In the end, running a comedy club, just like any business, isn’t easy; and winning a case like this one isn’t easy either. From all indications, a lot of money has apparently gone down the drain here and what we have here is a bad case of misplaced trust and confidence in the hiring of a business manager. Needless to say, it was Lovitz’ job to hire a good manager for his business. Yet, one can’t help but notice that it is in this particular context that Lovitz’ allegations of being misled about Kelley’s qualifications and background seem to make the most sense. The larger point here, though, is that as far as we’re dealing with financial loss or damage resulting from the actions of a business manager or decisions made by him, this kind of problem generally couldn’t have been prevented by a written contract or agreement, no matter how smartly crafted.
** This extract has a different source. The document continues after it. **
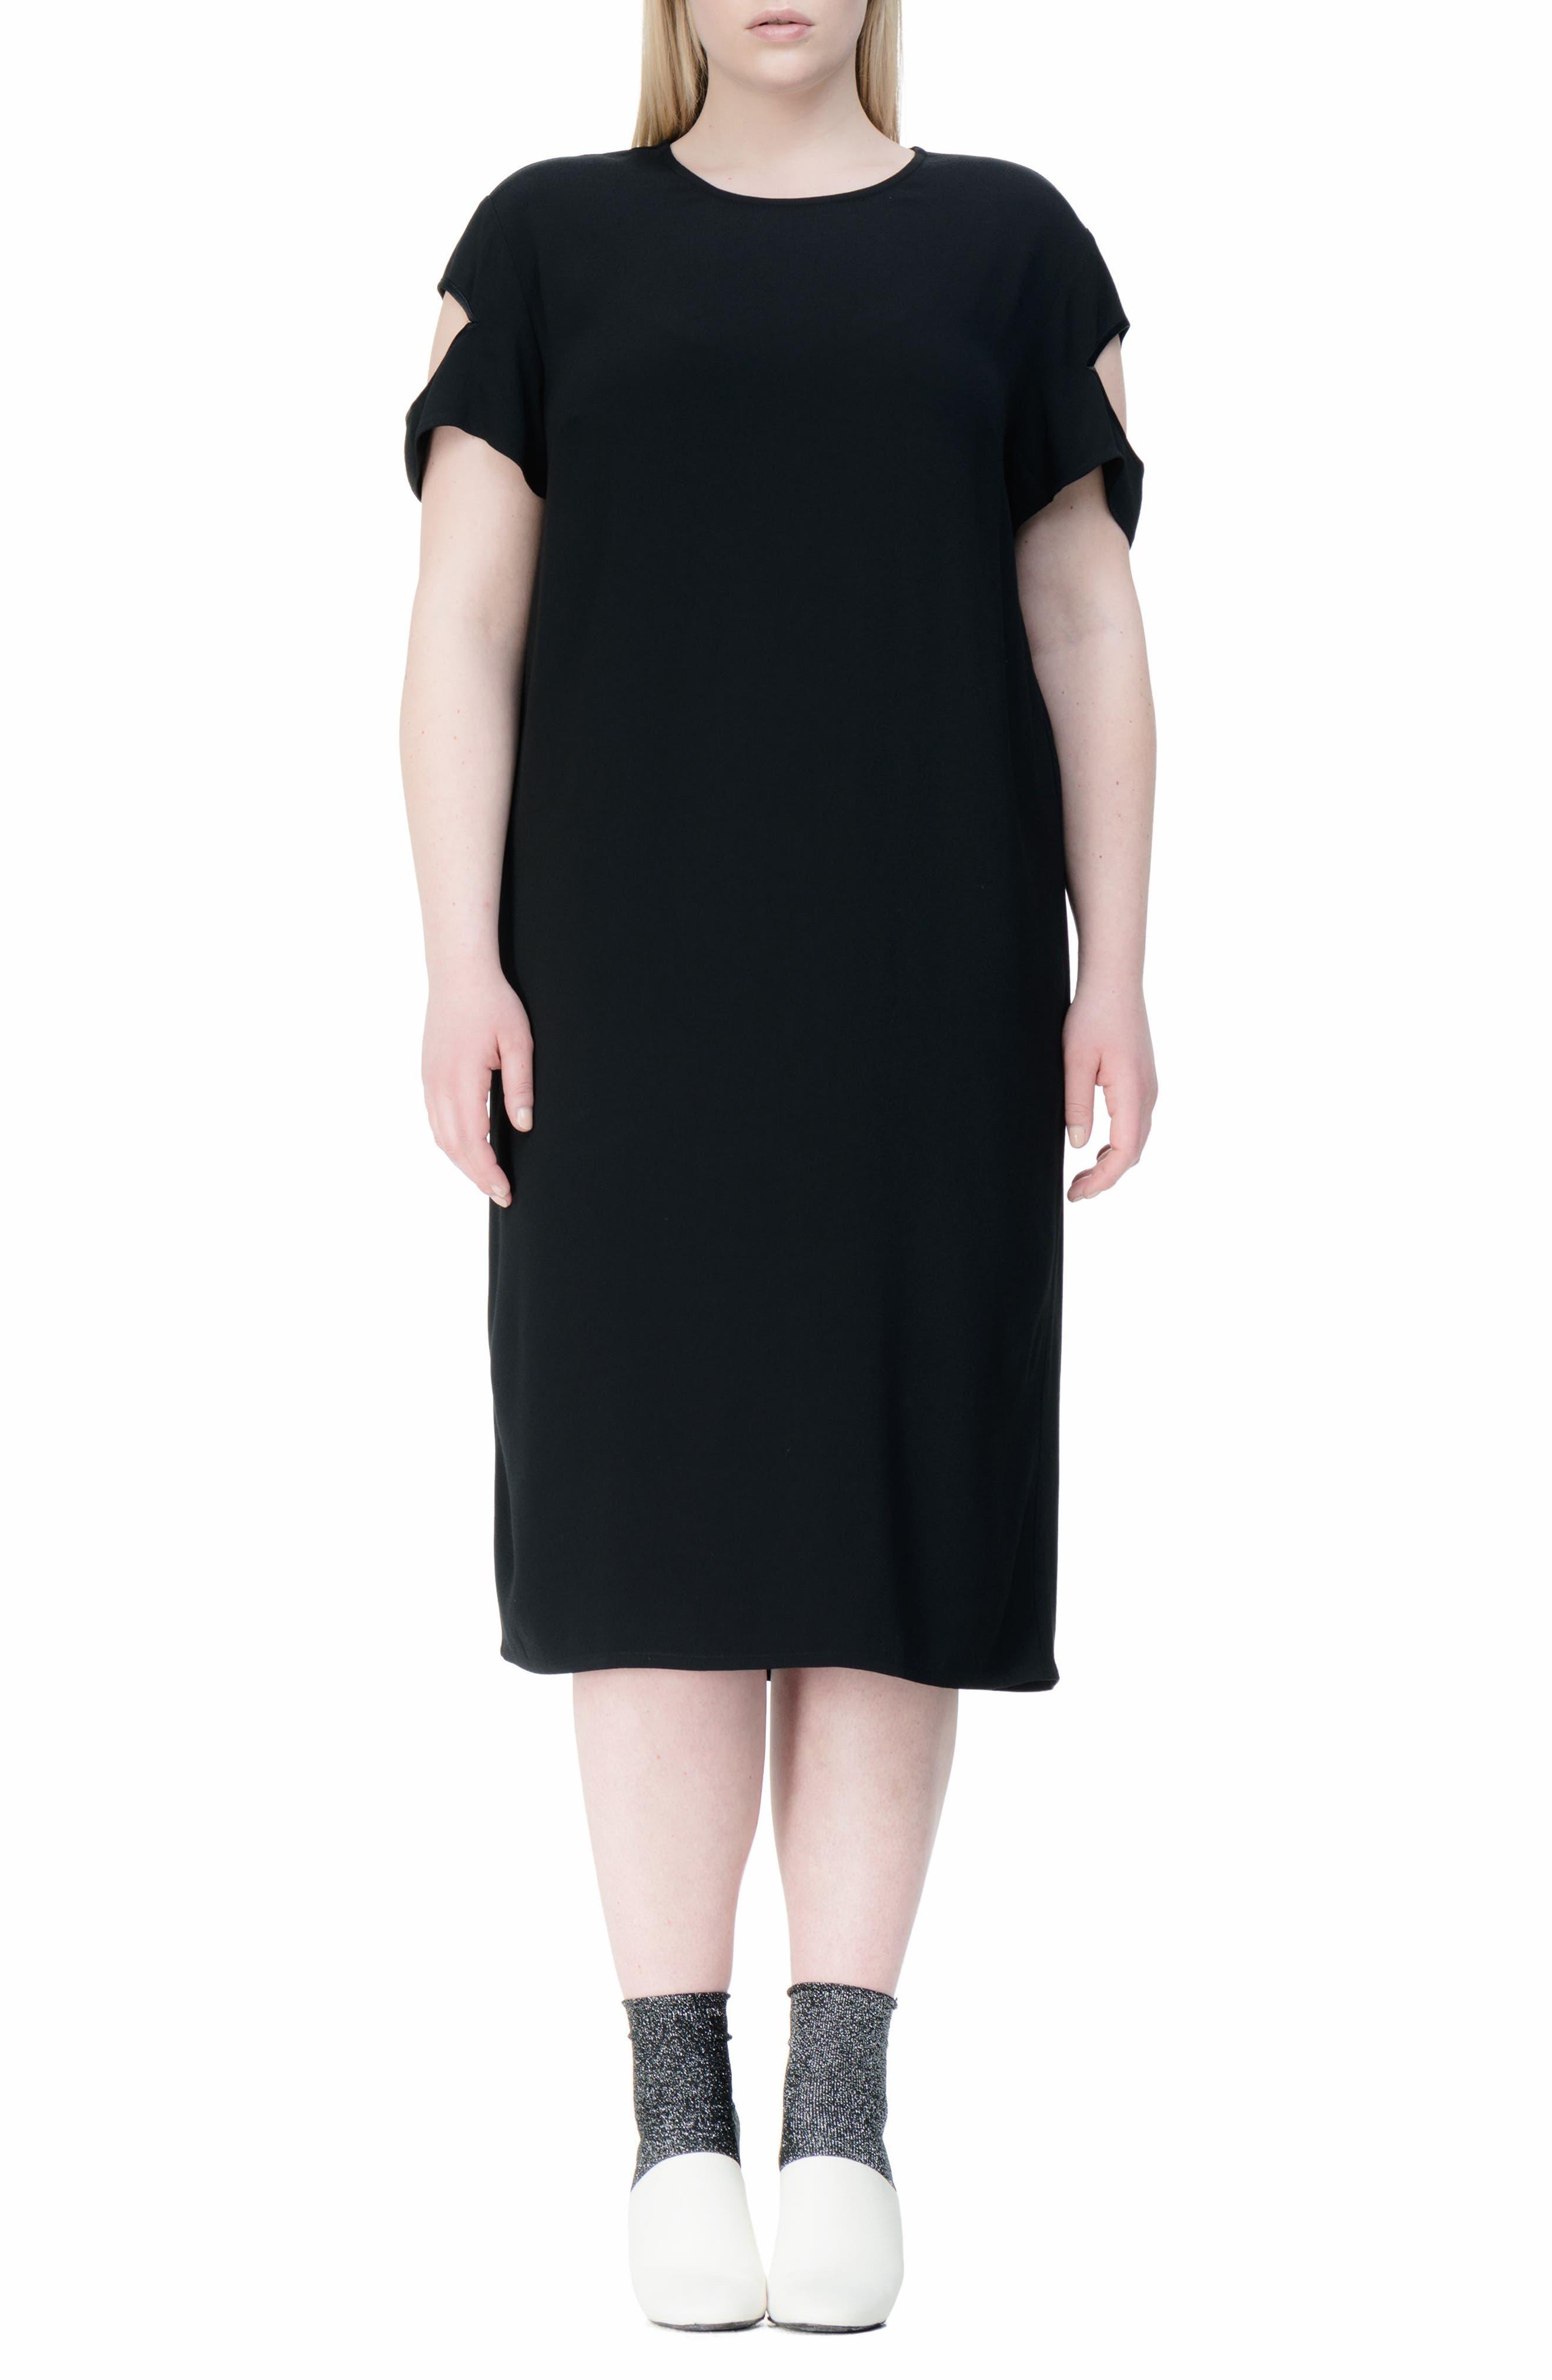 Alternate Image 1 Selected - UNIVERSAL STANDARD Newland Shift Dress (Plus Size)

Fact is, there is only so much anyone can write into an agreement today to control the turbulent waters of human events tomorrow, especially the uncertainties of the business world.

It is hard to predict the outcome of a case like this one and it would be interesting to see how it all shakes out in court, assuming of course that an out-of-court settlement isn’t hammered out between the parties. Yet, however it all winds down, for a guy like funnyman Lovitz, who apparently has lost a lot of money, this whole situation surely is no laughing matter.